Nothing but the lines from the start of the records through the line that contains "Saint-Aubin 1er Cru" is to be copied, and each is to be copied exactly.

= Beginning of Section =

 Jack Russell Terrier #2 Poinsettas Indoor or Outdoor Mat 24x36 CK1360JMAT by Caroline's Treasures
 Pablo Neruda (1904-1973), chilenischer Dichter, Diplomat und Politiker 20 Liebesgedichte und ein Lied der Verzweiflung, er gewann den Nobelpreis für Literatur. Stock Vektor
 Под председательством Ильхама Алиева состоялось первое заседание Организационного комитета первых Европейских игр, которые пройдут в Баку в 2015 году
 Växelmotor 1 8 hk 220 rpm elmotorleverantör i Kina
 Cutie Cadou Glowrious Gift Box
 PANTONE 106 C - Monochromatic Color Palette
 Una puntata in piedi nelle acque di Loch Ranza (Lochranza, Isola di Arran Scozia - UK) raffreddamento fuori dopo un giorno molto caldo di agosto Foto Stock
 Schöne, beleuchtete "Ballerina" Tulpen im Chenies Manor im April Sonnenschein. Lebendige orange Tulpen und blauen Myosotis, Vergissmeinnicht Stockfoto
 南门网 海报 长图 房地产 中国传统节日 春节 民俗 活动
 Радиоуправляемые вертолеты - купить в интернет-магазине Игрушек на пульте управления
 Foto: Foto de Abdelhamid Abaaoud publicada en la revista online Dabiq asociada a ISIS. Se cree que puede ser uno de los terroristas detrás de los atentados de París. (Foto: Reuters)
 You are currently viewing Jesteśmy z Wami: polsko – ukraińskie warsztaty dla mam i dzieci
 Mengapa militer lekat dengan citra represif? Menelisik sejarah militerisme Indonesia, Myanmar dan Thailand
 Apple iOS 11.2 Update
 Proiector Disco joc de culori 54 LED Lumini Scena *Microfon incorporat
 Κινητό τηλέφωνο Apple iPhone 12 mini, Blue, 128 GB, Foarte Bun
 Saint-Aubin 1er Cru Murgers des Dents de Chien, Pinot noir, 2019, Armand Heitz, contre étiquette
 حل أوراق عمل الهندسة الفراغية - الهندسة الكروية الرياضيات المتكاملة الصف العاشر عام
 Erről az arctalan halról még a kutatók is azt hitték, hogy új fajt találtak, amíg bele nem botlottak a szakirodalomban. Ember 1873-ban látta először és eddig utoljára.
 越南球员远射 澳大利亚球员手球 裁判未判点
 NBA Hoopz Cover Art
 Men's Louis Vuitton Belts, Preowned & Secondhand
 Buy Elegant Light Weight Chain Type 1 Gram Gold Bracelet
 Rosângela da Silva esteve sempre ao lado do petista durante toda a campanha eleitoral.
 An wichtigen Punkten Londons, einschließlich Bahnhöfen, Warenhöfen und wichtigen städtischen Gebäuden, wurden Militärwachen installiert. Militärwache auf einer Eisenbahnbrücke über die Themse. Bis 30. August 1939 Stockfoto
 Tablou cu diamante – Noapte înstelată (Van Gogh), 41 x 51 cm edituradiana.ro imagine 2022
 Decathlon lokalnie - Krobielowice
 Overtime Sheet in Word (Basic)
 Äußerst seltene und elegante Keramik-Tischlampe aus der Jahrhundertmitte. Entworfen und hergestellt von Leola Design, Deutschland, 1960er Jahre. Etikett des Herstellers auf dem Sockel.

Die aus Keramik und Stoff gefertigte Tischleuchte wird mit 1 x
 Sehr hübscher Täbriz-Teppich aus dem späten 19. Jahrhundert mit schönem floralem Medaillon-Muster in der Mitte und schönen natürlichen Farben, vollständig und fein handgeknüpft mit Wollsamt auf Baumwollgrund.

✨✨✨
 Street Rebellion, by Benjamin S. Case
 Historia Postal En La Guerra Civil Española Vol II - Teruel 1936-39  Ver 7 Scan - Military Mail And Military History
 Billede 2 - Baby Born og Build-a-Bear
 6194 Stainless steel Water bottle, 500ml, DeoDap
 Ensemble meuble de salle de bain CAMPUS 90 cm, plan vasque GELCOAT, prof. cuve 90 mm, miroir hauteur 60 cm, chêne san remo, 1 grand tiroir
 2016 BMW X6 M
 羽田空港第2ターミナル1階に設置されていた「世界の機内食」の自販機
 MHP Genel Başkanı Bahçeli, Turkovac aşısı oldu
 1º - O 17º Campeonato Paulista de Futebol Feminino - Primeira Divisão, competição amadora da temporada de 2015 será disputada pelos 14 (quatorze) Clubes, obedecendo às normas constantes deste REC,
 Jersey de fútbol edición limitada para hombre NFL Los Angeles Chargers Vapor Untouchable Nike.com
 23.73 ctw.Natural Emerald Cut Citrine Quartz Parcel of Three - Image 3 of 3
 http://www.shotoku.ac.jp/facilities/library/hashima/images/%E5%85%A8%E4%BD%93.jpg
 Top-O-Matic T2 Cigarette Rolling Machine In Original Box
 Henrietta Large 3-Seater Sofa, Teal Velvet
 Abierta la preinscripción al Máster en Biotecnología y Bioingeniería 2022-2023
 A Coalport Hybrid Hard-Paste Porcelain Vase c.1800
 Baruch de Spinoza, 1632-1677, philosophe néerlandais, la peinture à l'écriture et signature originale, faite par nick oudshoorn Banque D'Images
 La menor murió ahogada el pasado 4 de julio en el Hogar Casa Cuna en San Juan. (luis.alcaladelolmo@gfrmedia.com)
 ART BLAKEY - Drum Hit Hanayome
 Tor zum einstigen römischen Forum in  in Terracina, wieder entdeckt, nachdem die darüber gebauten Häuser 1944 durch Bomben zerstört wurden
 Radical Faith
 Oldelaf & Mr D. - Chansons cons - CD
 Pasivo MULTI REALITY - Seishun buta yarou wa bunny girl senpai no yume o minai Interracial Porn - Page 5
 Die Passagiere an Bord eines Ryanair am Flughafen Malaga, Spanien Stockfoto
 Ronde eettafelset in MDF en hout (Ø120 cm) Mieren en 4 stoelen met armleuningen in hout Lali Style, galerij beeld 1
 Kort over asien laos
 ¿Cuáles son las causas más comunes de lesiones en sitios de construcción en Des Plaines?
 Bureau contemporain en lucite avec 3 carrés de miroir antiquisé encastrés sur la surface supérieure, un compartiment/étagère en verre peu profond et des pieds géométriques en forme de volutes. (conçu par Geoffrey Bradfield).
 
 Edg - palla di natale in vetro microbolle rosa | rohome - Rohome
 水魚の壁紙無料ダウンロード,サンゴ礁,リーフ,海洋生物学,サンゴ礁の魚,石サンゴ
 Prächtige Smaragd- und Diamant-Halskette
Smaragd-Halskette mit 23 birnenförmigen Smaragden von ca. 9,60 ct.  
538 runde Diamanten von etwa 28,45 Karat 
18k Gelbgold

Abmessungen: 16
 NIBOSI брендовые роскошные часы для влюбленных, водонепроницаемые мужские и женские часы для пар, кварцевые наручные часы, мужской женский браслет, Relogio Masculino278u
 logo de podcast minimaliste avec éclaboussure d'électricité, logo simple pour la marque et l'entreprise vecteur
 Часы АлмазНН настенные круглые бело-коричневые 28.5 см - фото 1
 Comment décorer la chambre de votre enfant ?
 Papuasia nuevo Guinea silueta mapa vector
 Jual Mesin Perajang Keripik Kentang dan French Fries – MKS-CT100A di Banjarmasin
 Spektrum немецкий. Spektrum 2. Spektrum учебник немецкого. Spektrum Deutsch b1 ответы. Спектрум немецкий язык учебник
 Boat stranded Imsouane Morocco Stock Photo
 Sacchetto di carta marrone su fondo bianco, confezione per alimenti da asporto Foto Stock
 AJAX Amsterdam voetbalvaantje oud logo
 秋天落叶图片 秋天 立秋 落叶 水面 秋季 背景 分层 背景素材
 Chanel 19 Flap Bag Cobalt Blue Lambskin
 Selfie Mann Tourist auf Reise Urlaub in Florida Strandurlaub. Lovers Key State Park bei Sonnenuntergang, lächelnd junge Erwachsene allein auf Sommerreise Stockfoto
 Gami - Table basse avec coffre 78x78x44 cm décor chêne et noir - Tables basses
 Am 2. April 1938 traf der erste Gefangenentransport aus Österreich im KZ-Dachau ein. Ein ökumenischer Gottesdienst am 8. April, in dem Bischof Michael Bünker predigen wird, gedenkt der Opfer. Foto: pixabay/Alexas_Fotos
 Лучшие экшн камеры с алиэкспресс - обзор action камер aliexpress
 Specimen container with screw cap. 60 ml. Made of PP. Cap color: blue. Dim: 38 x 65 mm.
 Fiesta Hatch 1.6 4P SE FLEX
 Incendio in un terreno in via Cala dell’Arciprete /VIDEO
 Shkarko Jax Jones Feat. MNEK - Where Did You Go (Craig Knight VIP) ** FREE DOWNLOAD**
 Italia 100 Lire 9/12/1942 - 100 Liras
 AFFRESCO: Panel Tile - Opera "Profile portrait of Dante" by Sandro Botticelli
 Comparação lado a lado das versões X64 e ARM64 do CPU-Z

= End of Section =

_ANSWER TO THIS TASK_
 Jack Russell Terrier #2 Poinsettas Indoor or Outdoor Mat 24x36 CK1360JMAT by Caroline's Treasures
 Pablo Neruda (1904-1973), chilenischer Dichter, Diplomat und Politiker 20 Liebesgedichte und ein Lied der Verzweiflung, er gewann den Nobelpreis für Literatur. Stock Vektor
 Под председательством Ильхама Алиева состоялось первое заседание Организационного комитета первых Европейских игр, которые пройдут в Баку в 2015 году
 Växelmotor 1 8 hk 220 rpm elmotorleverantör i Kina
 Cutie Cadou Glowrious Gift Box
 PANTONE 106 C - Monochromatic Color Palette
 Una puntata in piedi nelle acque di Loch Ranza (Lochranza, Isola di Arran Scozia - UK) raffreddamento fuori dopo un giorno molto caldo di agosto Foto Stock
 Schöne, beleuchtete "Ballerina" Tulpen im Chenies Manor im April Sonnenschein. Lebendige orange Tulpen und blauen Myosotis, Vergissmeinnicht Stockfoto
 南门网 海报 长图 房地产 中国传统节日 春节 民俗 活动
 Радиоуправляемые вертолеты - купить в интернет-магазине Игрушек на пульте управления
 Foto: Foto de Abdelhamid Abaaoud publicada en la revista online Dabiq asociada a ISIS. Se cree que puede ser uno de los terroristas detrás de los atentados de París. (Foto: Reuters)
 You are currently viewing Jesteśmy z Wami: polsko – ukraińskie warsztaty dla mam i dzieci
 Mengapa militer lekat dengan citra represif? Menelisik sejarah militerisme Indonesia, Myanmar dan Thailand
 Apple iOS 11.2 Update
 Proiector Disco joc de culori 54 LED Lumini Scena *Microfon incorporat
 Κινητό τηλέφωνο Apple iPhone 12 mini, Blue, 128 GB, Foarte Bun
 Saint-Aubin 1er Cru Murgers des Dents de Chien, Pinot noir, 2019, Armand Heitz, contre étiquette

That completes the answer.